Simulated annealing algorithm (high level)

You will need:

  1. Initial temperature Temp
  2. Cooling factor cool (e.g. 0.999 or 0.995)
  3. Number of clusters K
  4. Number of iterations I

Pseudo-code:

  • Randomly assign each gene to one of K clusters

For iteration 1..I:

  1. Compute current energy E_old
  2. Randomly pick one gene and propose moving it to a different cluster
  3. Compute new energy E_new
  4. Accept if:
  5. E_new < E_old, or
  6. exp(-(E_new - E_old)/Temp) > U(0,1)
  7. Cool the system: Temp = Temp * cool

What I mean here - create a script that gets these values from the user. You should search for how this would work.


Things to do (project checklist)

  1. Implement an energy function energy(assignments, dist_matrix, K)
  2. Implement a function that proposes a move (gene -> different cluster)
  3. Implement the simulated annealing loop
  4. Print:
  5. starting energy E_start
  6. final energy E_final
  7. Plot the final clusters (like we did for k-means)

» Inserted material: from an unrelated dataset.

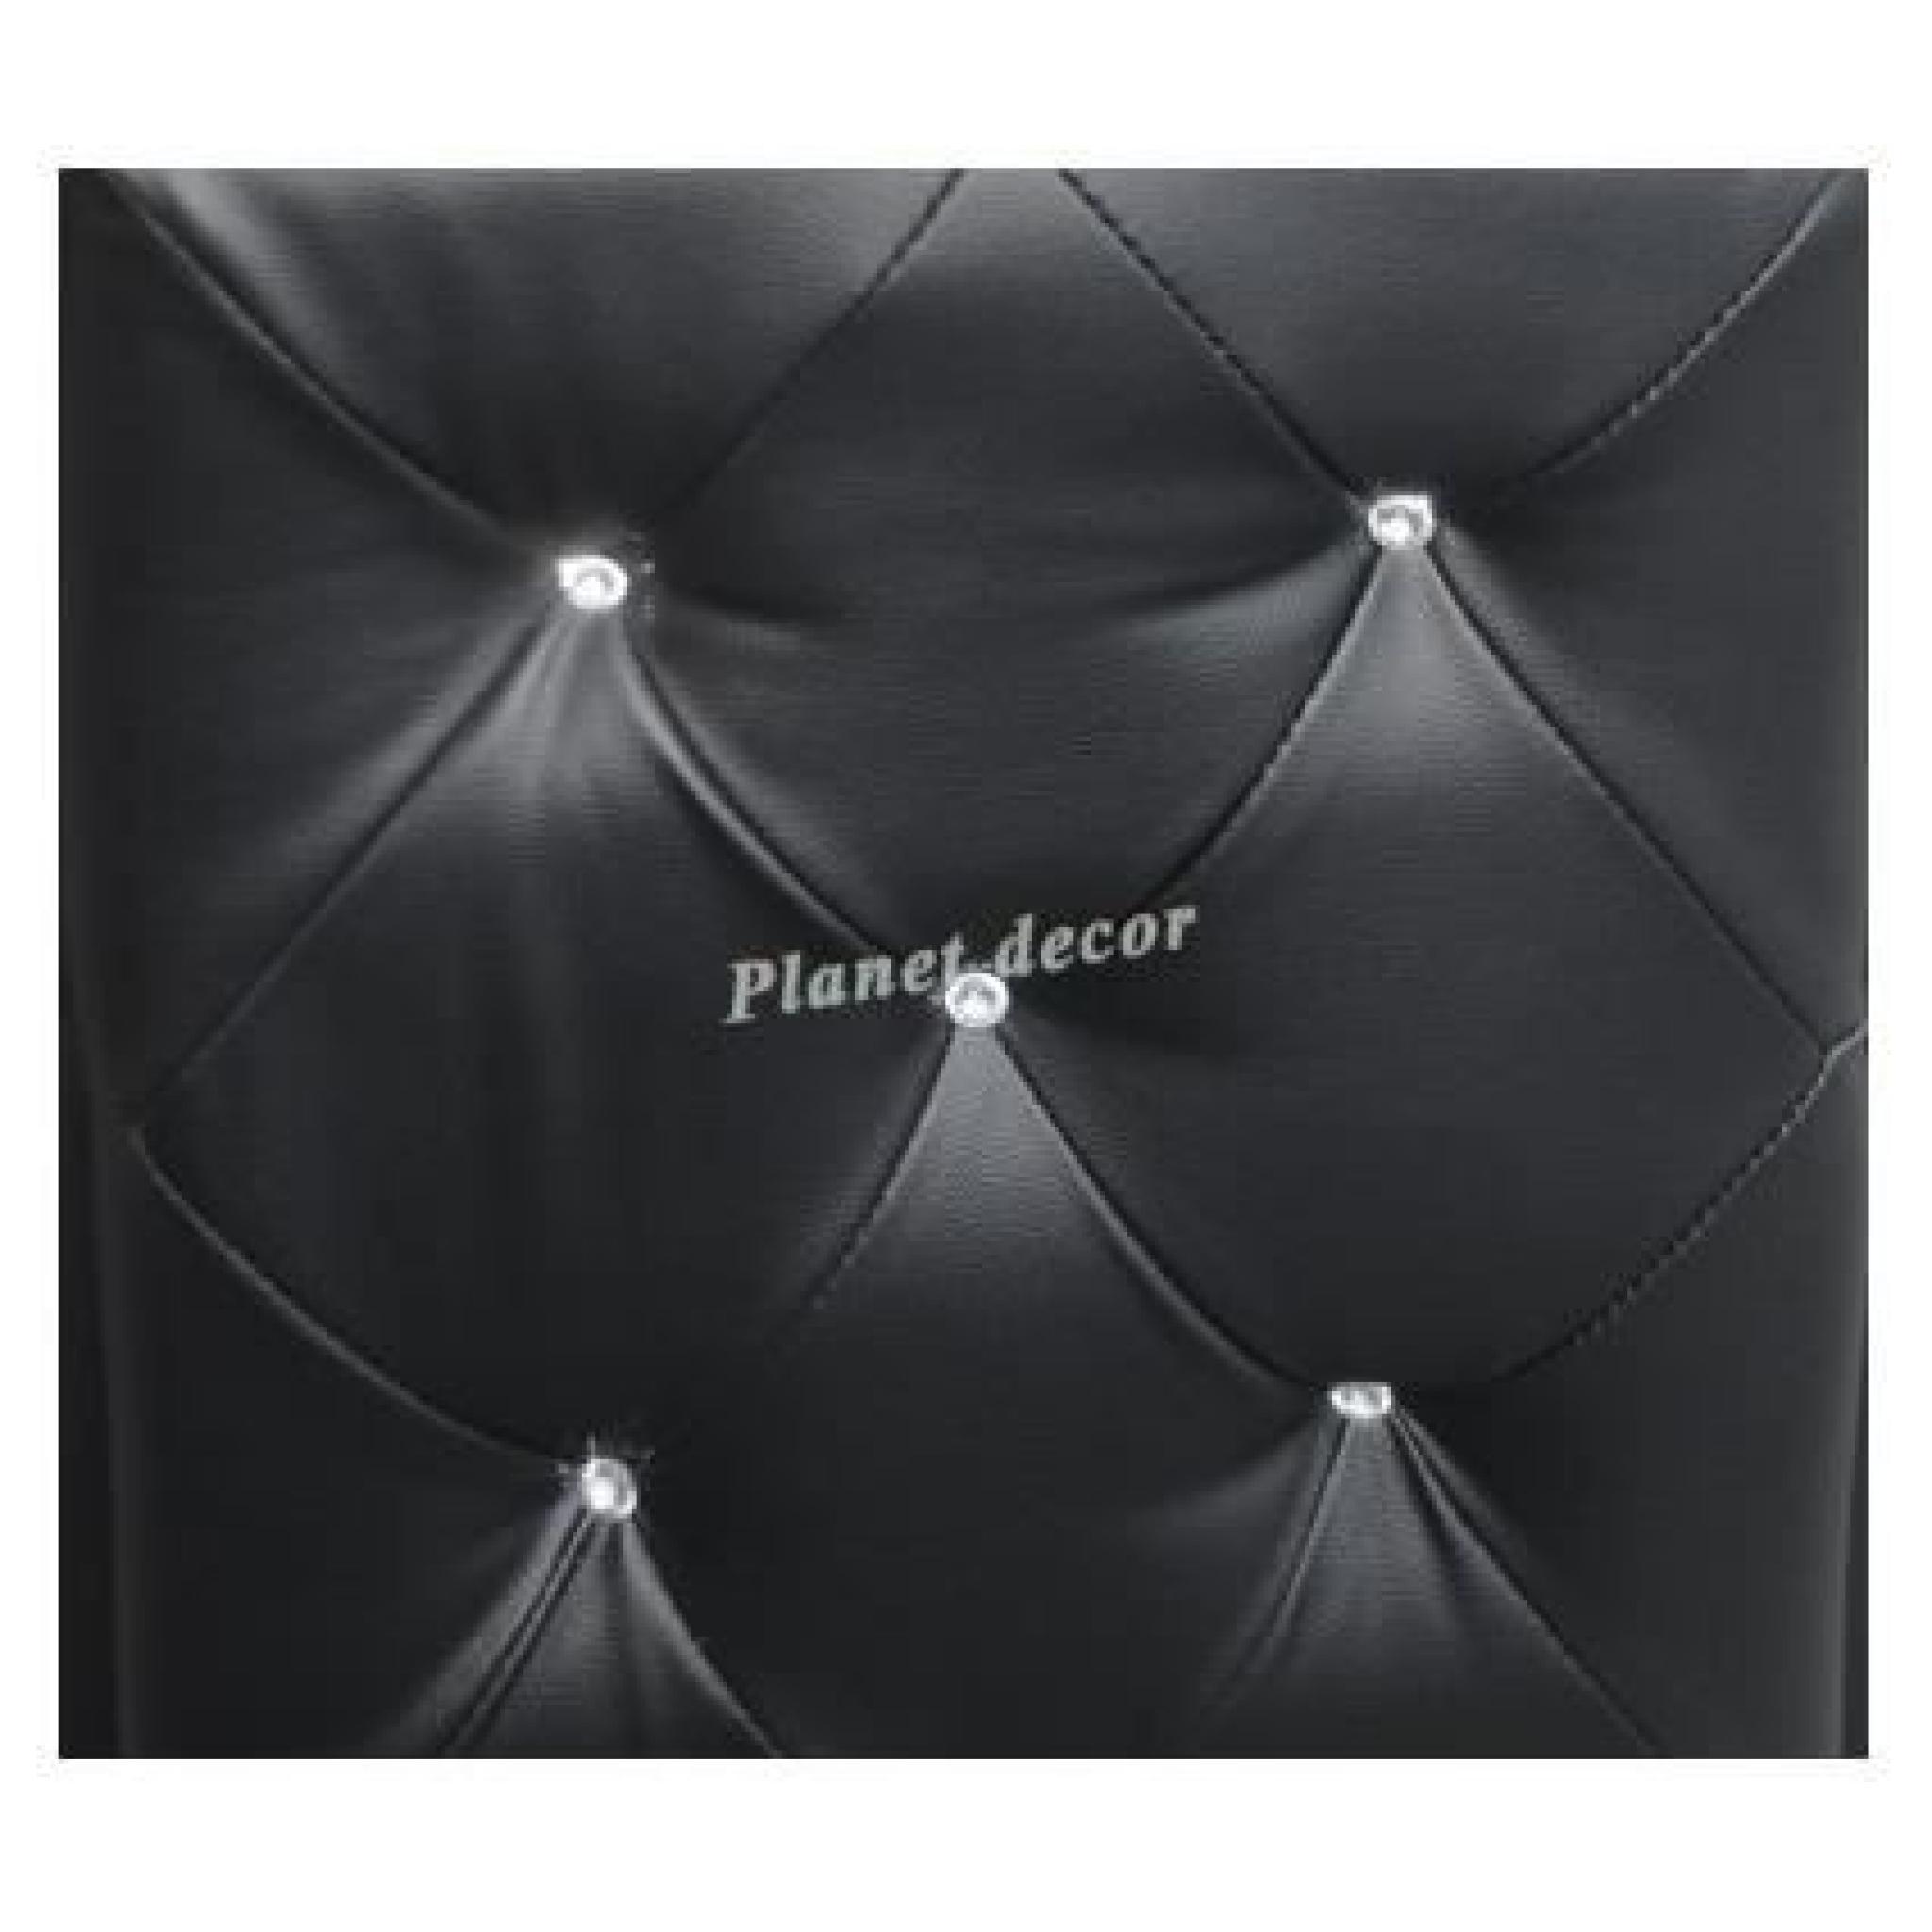 ensemble commode et miroir similicuir coloris noir avec strass astana pas cher - Miroir Mural Blanc Simili Cuir Strass

Inspiration (optional reading)

Before you start: - Read about simulated annealing / Metropolis acceptance - Remember: the goal is learning, not competing with libraries

You now have the tools to tackle a real algorithmic problem in Python. Use Google, but no AI tool to learn e.g. how to accept user input in a python script.

Performance

Once you have your script up and runnig and the results look accetable (plots!) and you still have some juce to program more:

  1. Store the distance matrix and do not calculate distances on every iteration
  2. Store the per cluster energies and only re-caulaulte the ones affected by the move
  3. Only calculate a delta energy and not "touch" the stable genes in the clusters

Outlook

When you simulated annealing functionality does work - add it to your functions.py file. And when you still want to look into Python (great!) you could ask e.g. ChatGPT to create a python package from this function.py file. It should come up with a pretty advanced package structure and should walk you all the way from your functions file to a package that you can install using pip and import like any other python package!